# Opening an account with Nationwide International - Isle of Man



## Shepherd (20 Dec 2010)

Has anyone opened an account with Nationwide International in Isle of Man and if so what is your experience or opinion on them? I understand that they are a subsidary of Nationwide UK Ireland with whom I already have an account with and so far I am very pleased with them. 

Is Nat Int.(IOM) completely separate from NUK Ireland and would it be prudent to have funds (up to maximum compensation levels) in both banks?

I would be opening a sterling account so would love to hear from anyone who has done so with this bank. Thanks.


----------



## Lightning (21 Dec 2010)

I know someone who opened a Nationwide International account recently and they speak highly of Nationwide International.

Nationwide UK Ireland and Nationwide International are both subsidiaries of Nationwide UK.


----------



## BostonBoy (5 Jan 2011)

I recently opened a sterling account with Nationwide International in the Isle Of Man so just want to let you know my experience as I've benefited from the knowledge shared on these forums (fora). There's a bit of form filling to do & you have to get id & address certified but you can prob do that in their subsidiary in Dublin if it's near you (13 Merrion Row Dublin 2).

I sent my documentation and forms with my initial deposit via registered post during the snows pre-Christmas & they received everything on 20/12/10 and had acknowledged it by post with account details by last Friday (31/12).

I called into my own Irish bank (Ulster Bank) yesterday and filled out the forms for an electronic transfer of funds to my new IOM account. I anticipated a few roadblocks would be put up by UB but I must say they were very professional when dealing with my request. I've registered for on-line banking with Nationwide so I'll be checking to see that the wire arrives in a few days!

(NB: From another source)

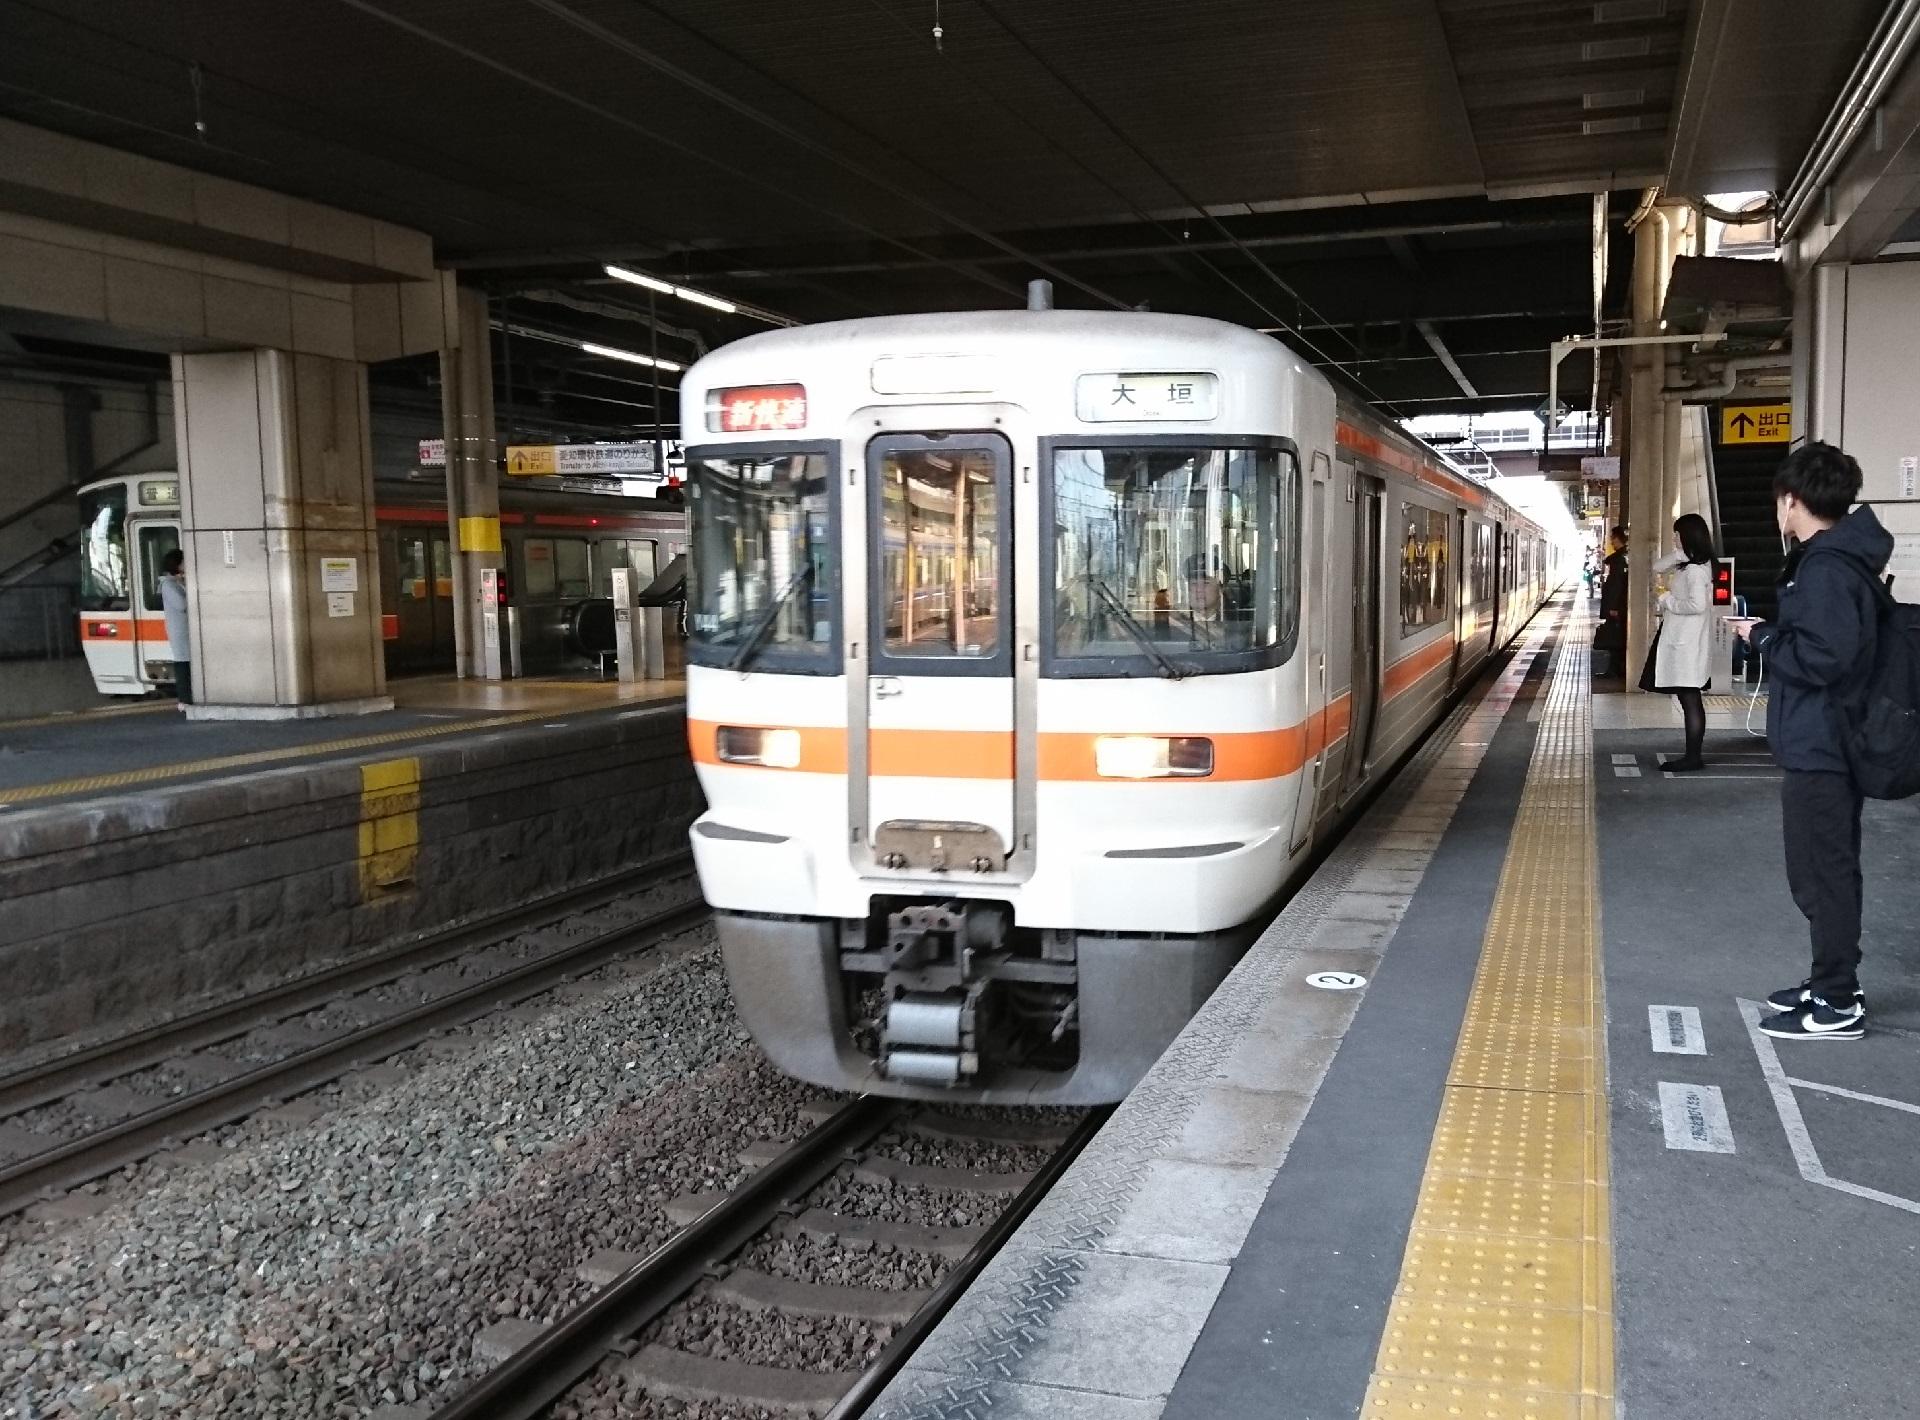 2017.3.23 東海道線 (25) 岡崎 - 大垣いき新快速 1920-1420

Hope this helps & this is my 1st posting and I've seen some weird & wonderful sayings attached with posts & my thought for the day is: 
"Just because I'm paranoid doesn't mean they're not all out to get me!"


----------



## Conshine (5 Jan 2011)

How does the tax on your interest work out? They take less than the 27% in Ireland and it is paid to the UK government. Do you claim back all of the deducted amount from the UK government and then pay the Irish Government 27% of the gross?


----------



## Lightning (5 Jan 2011)

You pay zero tax at source. You then need to declare your interest to the Revenue and pay tax. 

Do declare it. You will get yourself in big trouble if you have a zero tax account on the IOM and it is undeclared. 

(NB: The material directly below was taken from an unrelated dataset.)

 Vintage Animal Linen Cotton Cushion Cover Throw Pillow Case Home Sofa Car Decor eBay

BostonBoy - Thanks for sharing your thoughts on your experience with an offshore account.


----------



## Shepherd (5 Jan 2011)

Thanks BostonBoy for your information. I havn't yet gone ahead and opened an account with them  - the only reason being I am still undecided about sterling or US$ or Swiss francs for that matter!! 
Their rates are competitive enough however.


----------